Fair-skinned brunettes can often successfully pull off changes to their hair color, and with the right salon and faithful touch-ups they can deceive others for years. Not so for those of us whose olive skin tone mercilessly betrays our not-so-Nordic heritage; brighter hair colors look fake on us, so we have to work with what we have. Fortunately for you, I’ve got a ton of tips and tricks for getting all the attention you need so you don’t weep yourself to sleep so vigorously that your pillow is still damp with the salt of your brunette tears when you wake up alone in an apartment that will never be nice enough to compensate for your lack of natural beauty.

Let’s get started!

Pop the Eyes

Blue, green and gray eyes are always fetching, but we brown-eyed girls can compete easily with a little help from bright colors. Sparkly purple eye shadow is an attractive, timeless choice. To make it last all night, try to blink as rarely as you can without alarming anyone.

Dramatic Lips 

Blondes are known for having more “fun,” but full, glossy red lips can send the same signal.
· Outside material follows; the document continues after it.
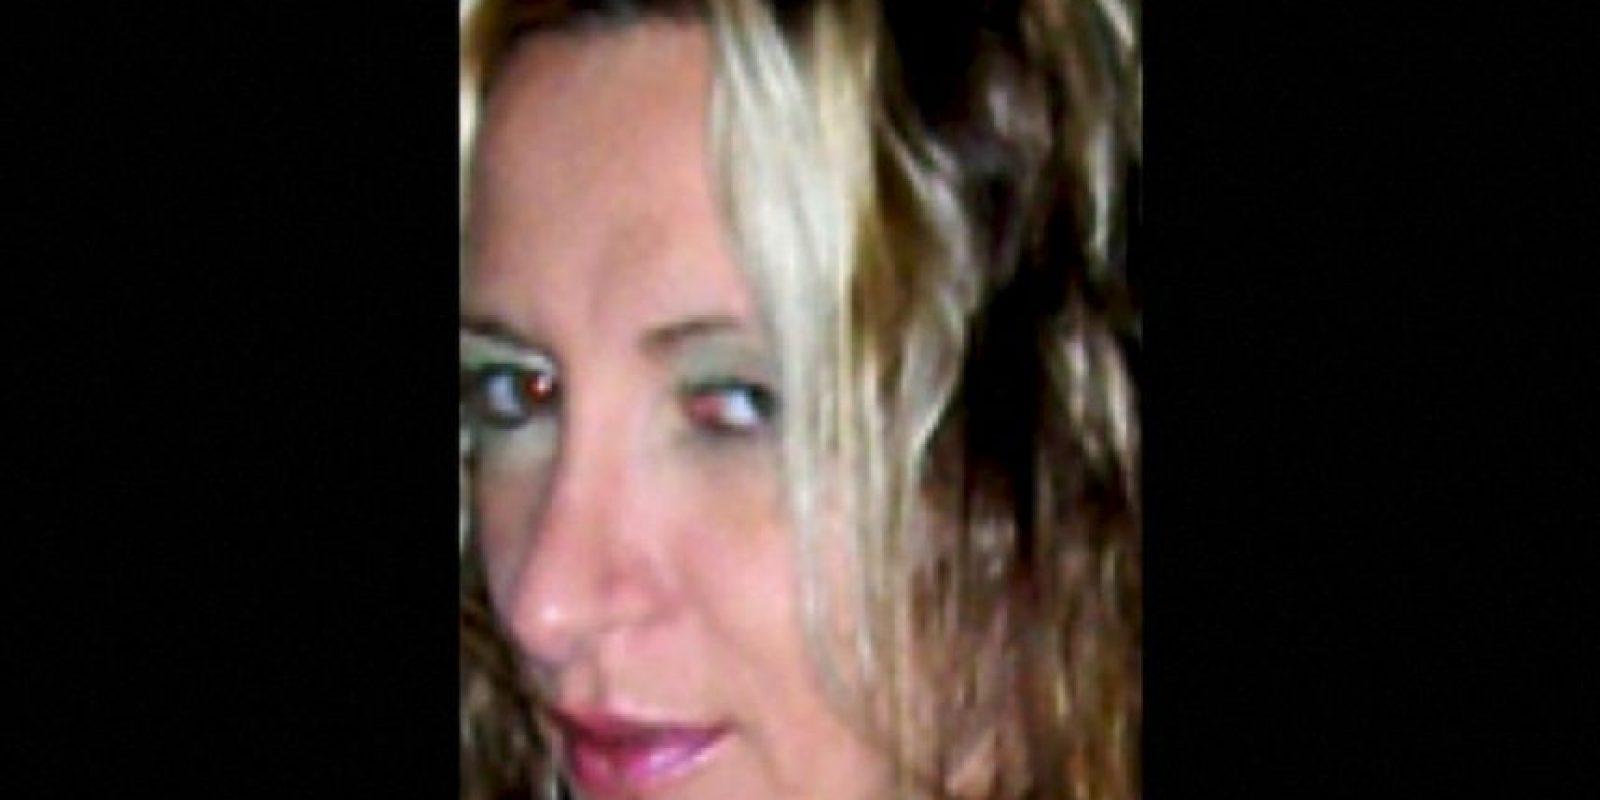 Abbie Jane Swogger, de 34 años, fue acusada de organizar una fiesta sexual con sus alumnos y alumnas de 15 años Foto:wnd.com
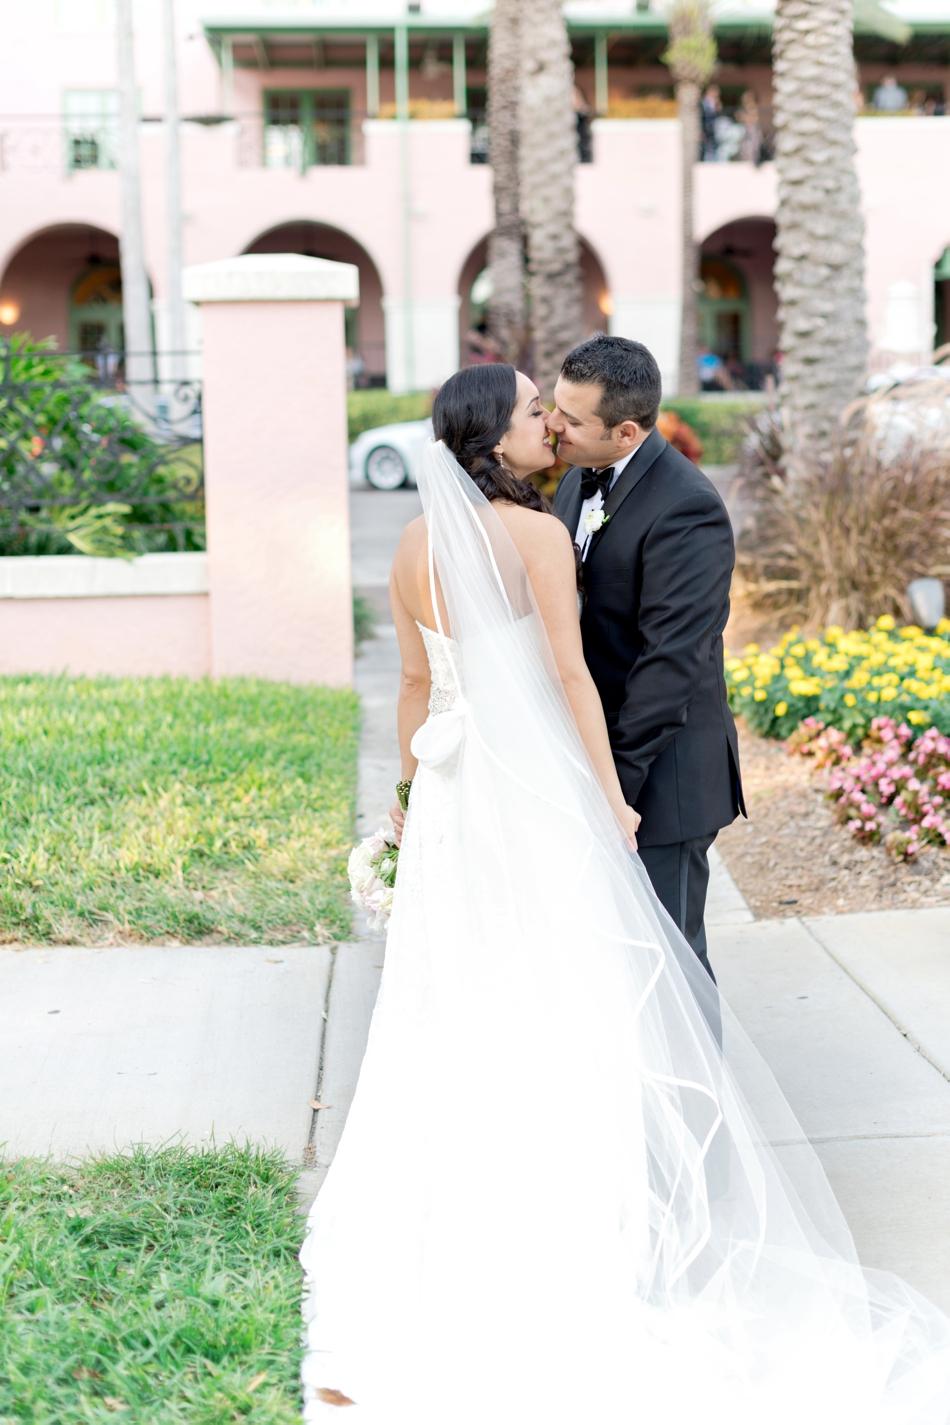 vinoy-catholic-wedding-44.jpg

I prep my lips by lightly sanding them until they’re raw, then dabbing on a scrumptious berry shade. A stroke of thick, clear gloss completes that “I just got done doing something naughty in the bathroom of this club” look.

Cleavage

Next time you’re dressing for a big night on the town, try amping up your assets for extra attention – if you don’t own the right undergarments, remember that you’re never too old for a DIY Wonderbra. Ziploc baggies full of cheap Chardonnay give me just the right amount of lift.

When All Else Fails . . .

Stay home with your cat and Fifty Shades of Grey. Remember, you have brown hair. Nobody’s expecting much more.